Optimized GPU simulation of continuous-spin glass models
Institut fur Physik, Johannes Gutenberg-Universitat Mainz, Staudinger Weg 7, D-55099 Mainz, Germany
arXiv:1204.6192v1 [physics.comp-ph] (27 Apr 2012)
@article{2012arXiv1204.6192Y,
author={Yavors’kii}, T. and {Weigel}, M.},
title={"{Optimized GPU simulation of continuous-spin glass models}"},
journal={ArXiv e-prints},
archivePrefix={"arXiv"},
eprint={1204.6192},
primaryClass={"physics.comp-ph"},
keywords={Physics – Computational Physics, Condensed Matter – Disordered Systems and Neural Networks, Condensed Matter – Statistical Mechanics, High Energy Physics – Lattice},
year={2012},
month={apr},
adsurl={http://adsabs.harvard.edu/abs/2012arXiv1204.6192Y},
adsnote={Provided by the SAO/NASA Astrophysics Data System}
}
We develop a highly optimized code for simulating the Edwards-Anderson Heisenberg model on graphics processing units (GPUs).
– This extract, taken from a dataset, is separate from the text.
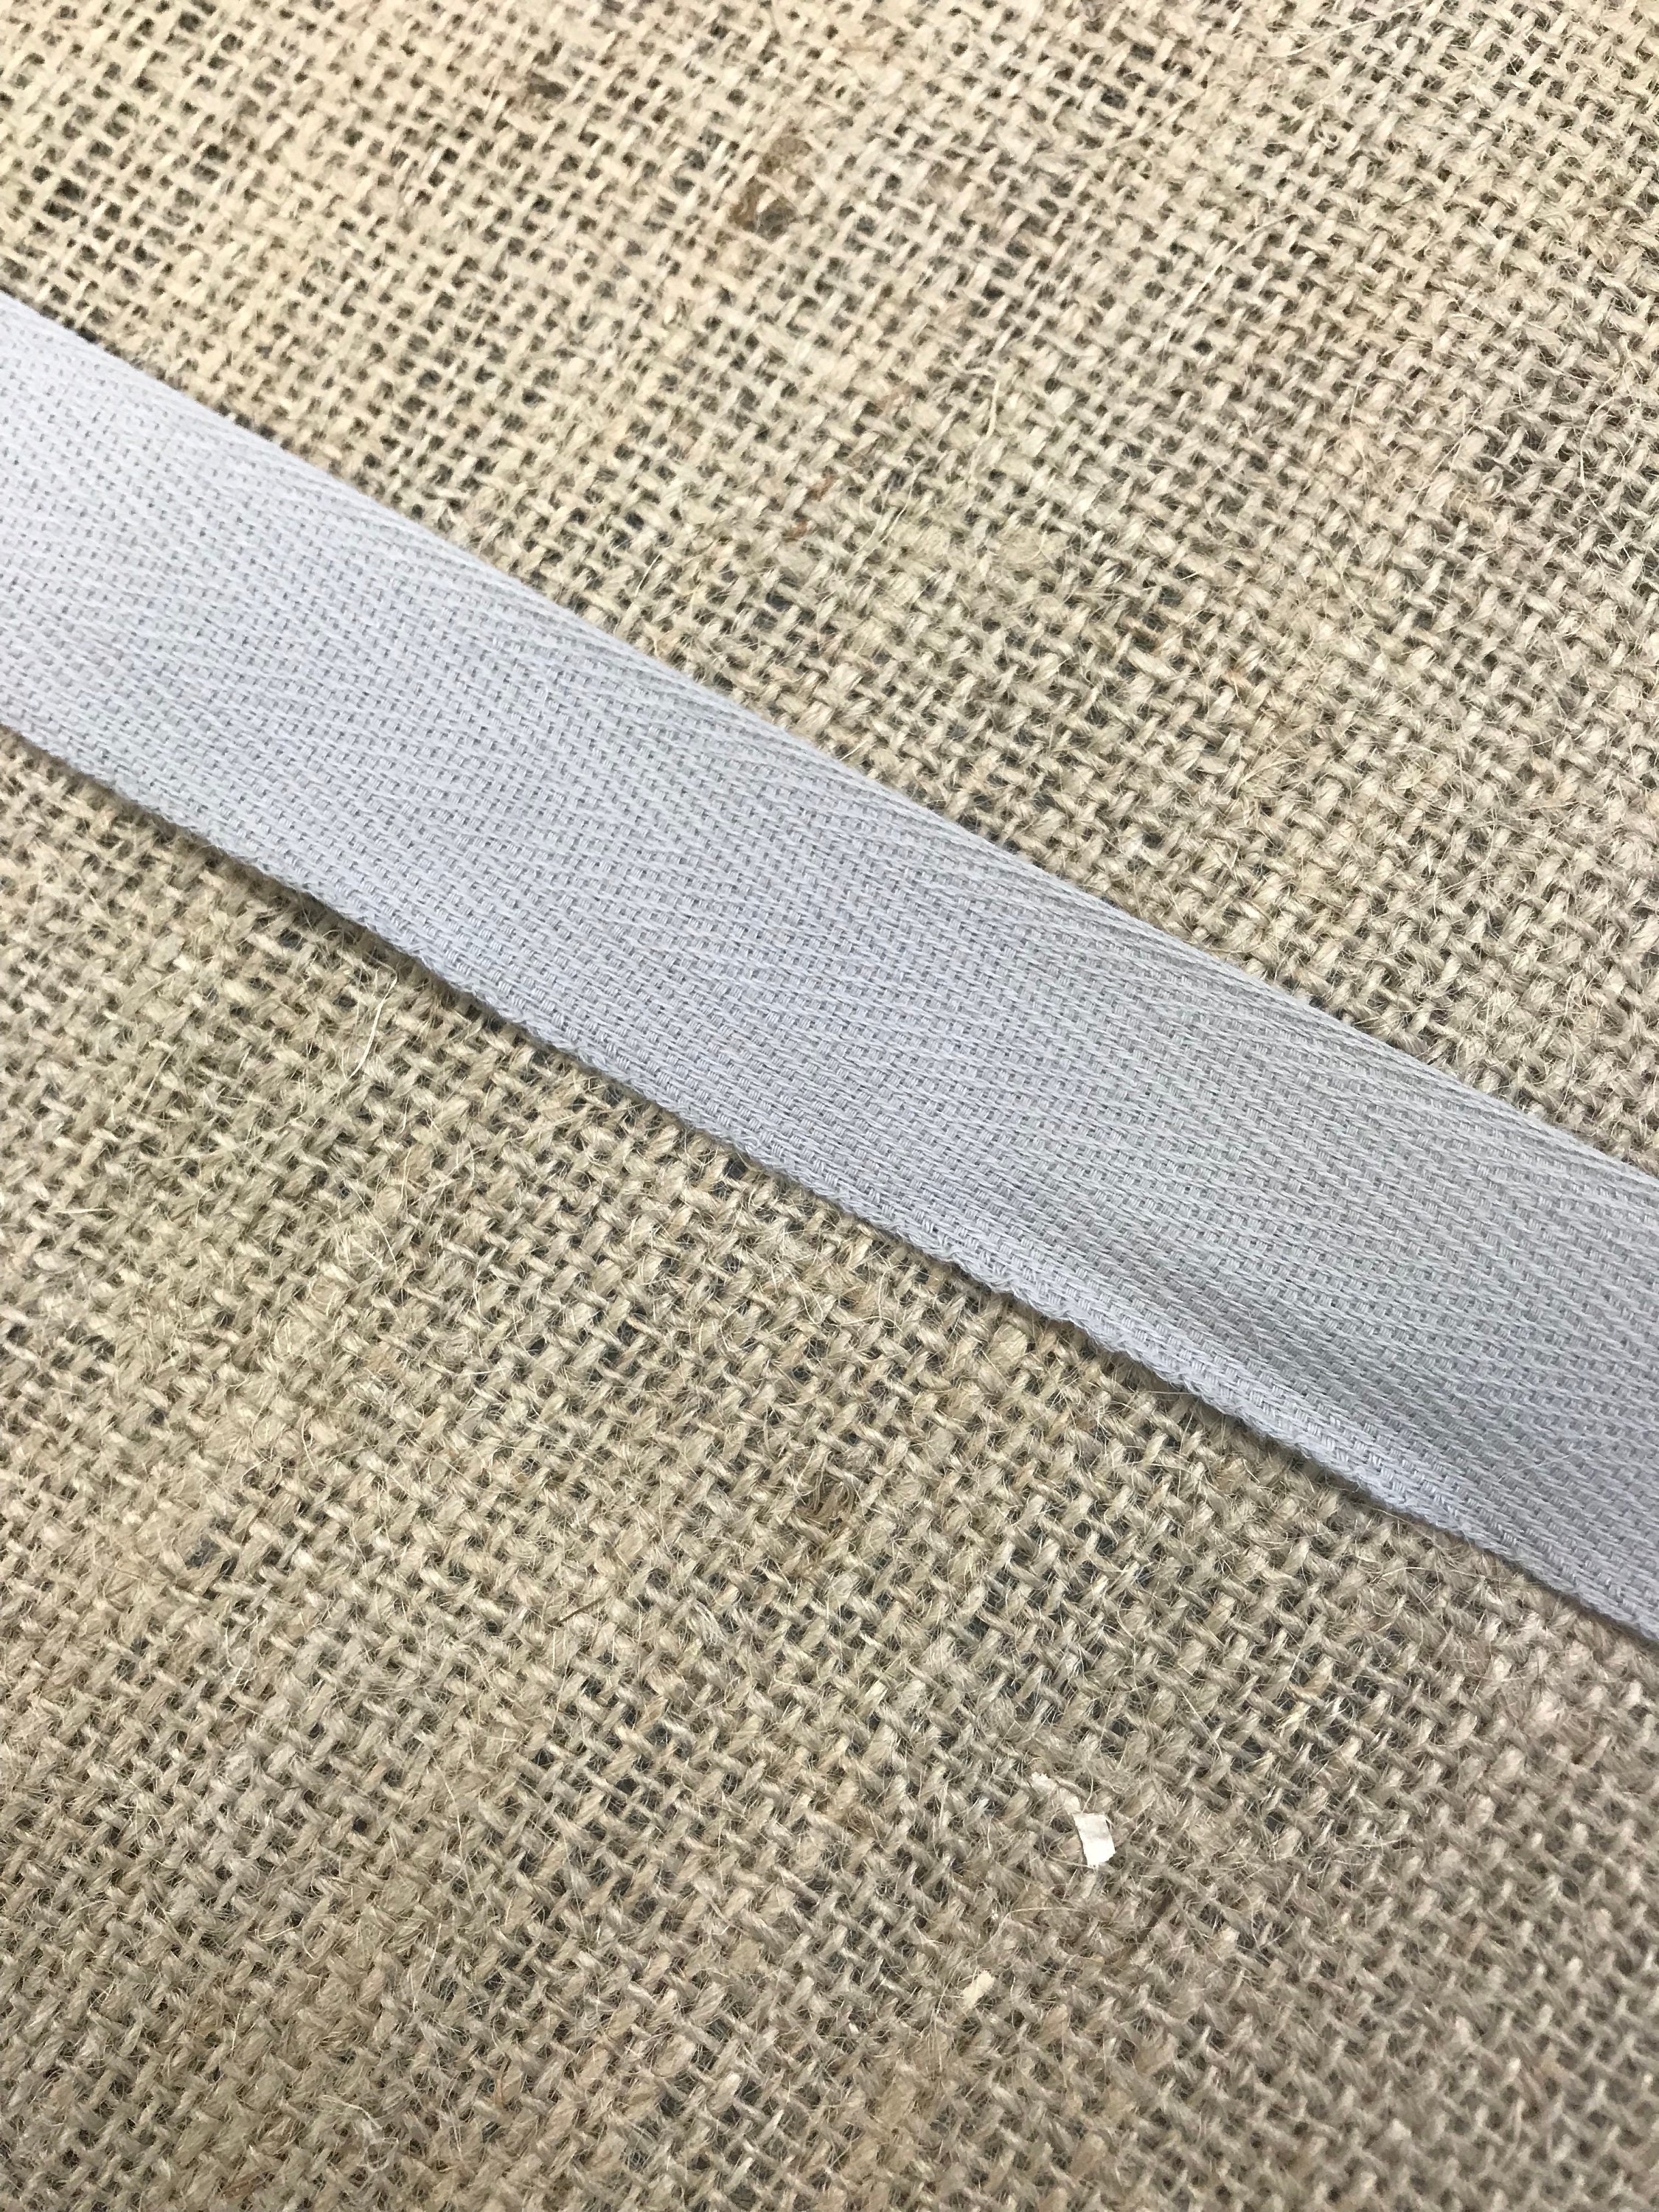 Regular Carpet Binding - Instabind DIY Rug Edging Tape

Using a number of computational tricks such as tiling, data compression and appropriate memory layouts, the simulation code combining over-relaxation, heat bath and parallel tempering moves achieves a peak performance of 0.29 ns per spin update on realistic system sizes, corresponding to a more than 150 fold speed-up over a serial CPU reference implementation. The optimized implementation is used to study the spin-glass transition in a random external magnetic field to probe the existence of a de Almeida-Thouless line in the model, for which we give benchmark results.